## Available data
___
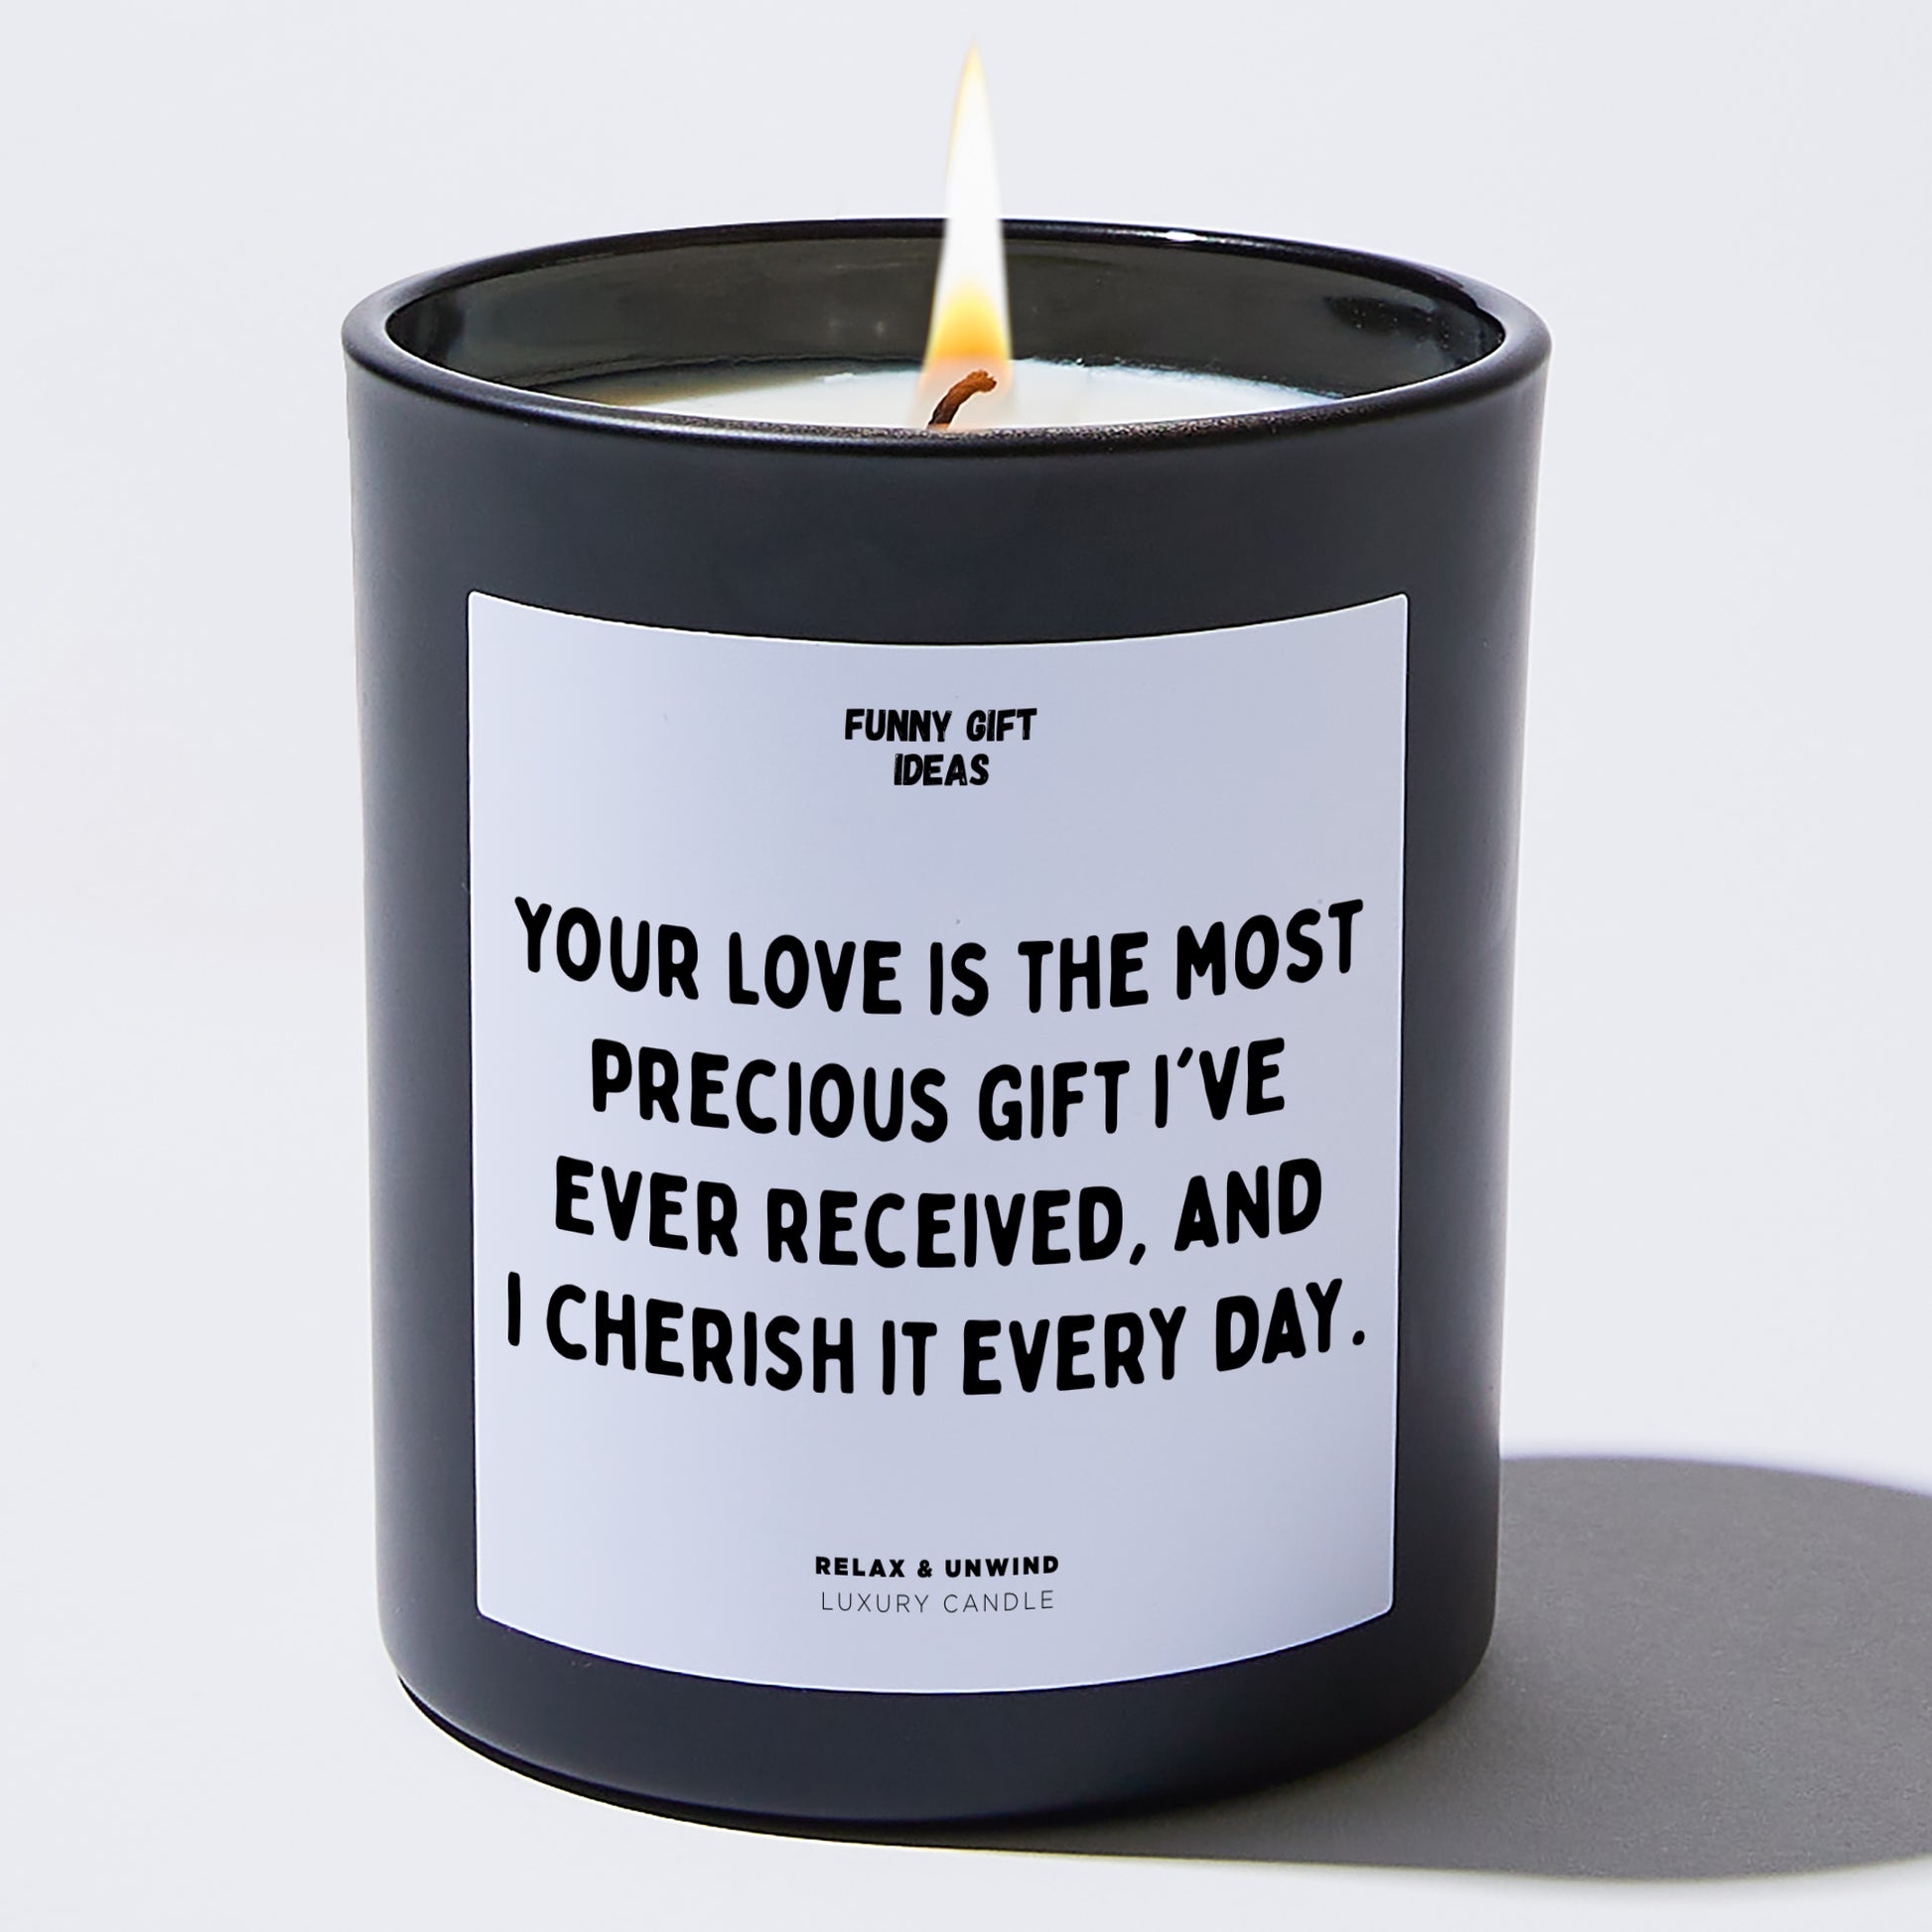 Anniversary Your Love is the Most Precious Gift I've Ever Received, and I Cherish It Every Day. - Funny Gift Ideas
___
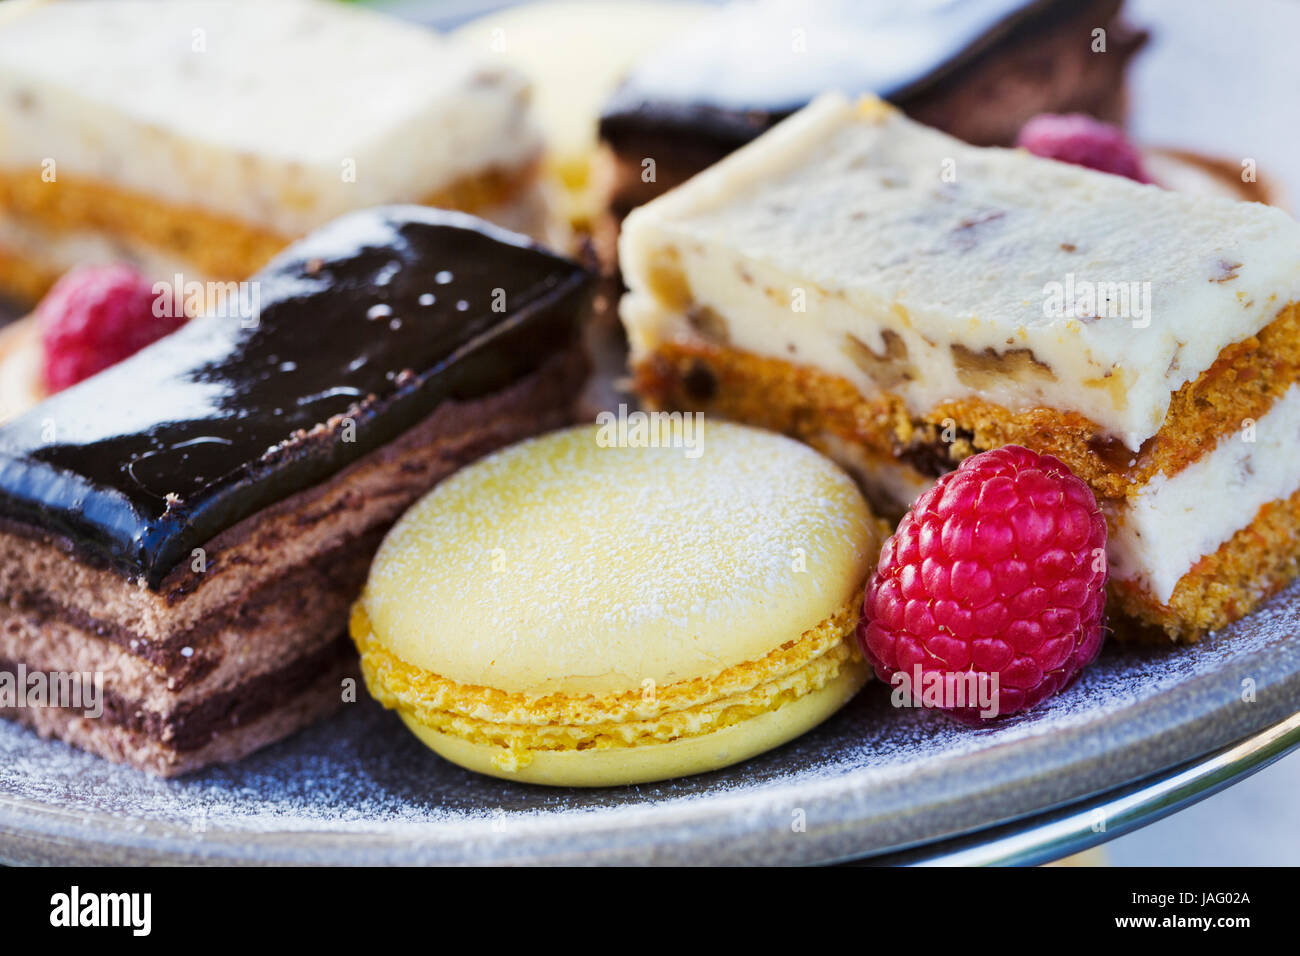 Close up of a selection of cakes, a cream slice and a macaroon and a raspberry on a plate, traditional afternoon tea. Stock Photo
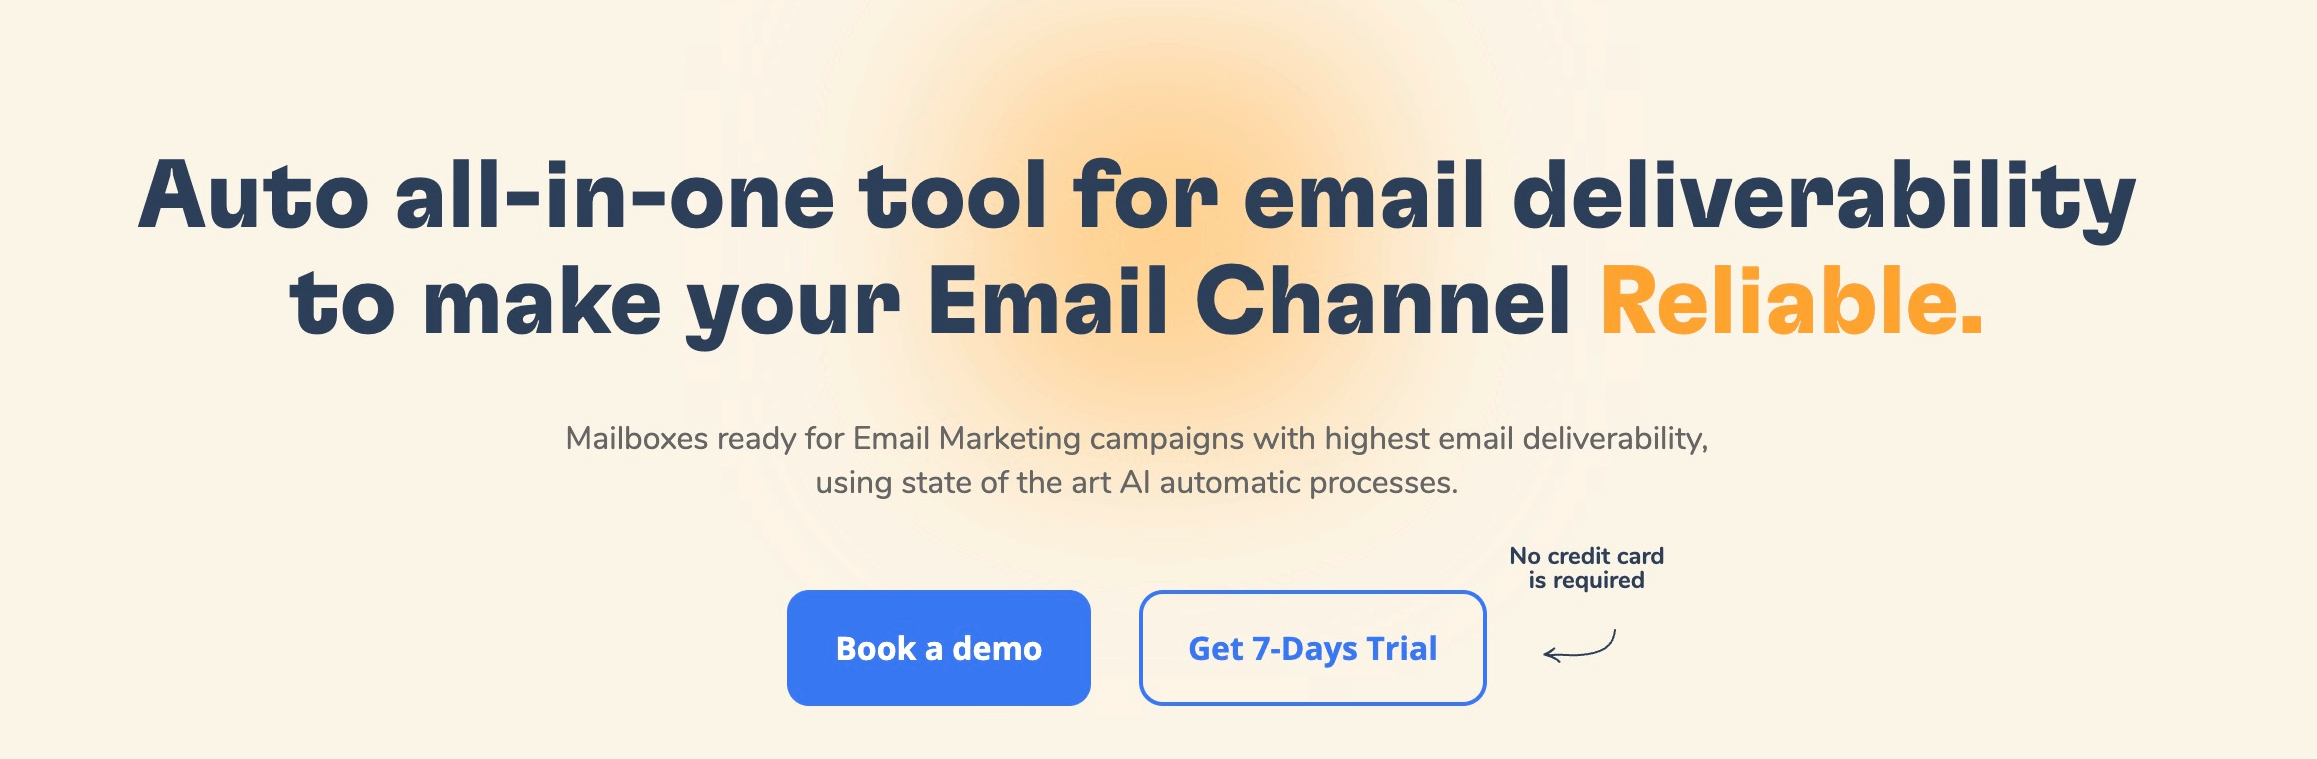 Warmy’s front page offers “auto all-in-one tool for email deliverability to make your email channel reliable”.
___
## Your goal
Copy nothing but the lines above that run from the one with "Close up of" to the one with "Warmy’s front page", ends included; pictures stay out.

## Solution to the problem
 Close up of a selection of cakes, a cream slice and a macaroon and a raspberry on a plate, traditional afternoon tea. Stock Photo
 Warmy’s front page offers “auto all-in-one tool for email deliverability to make your email channel reliable”.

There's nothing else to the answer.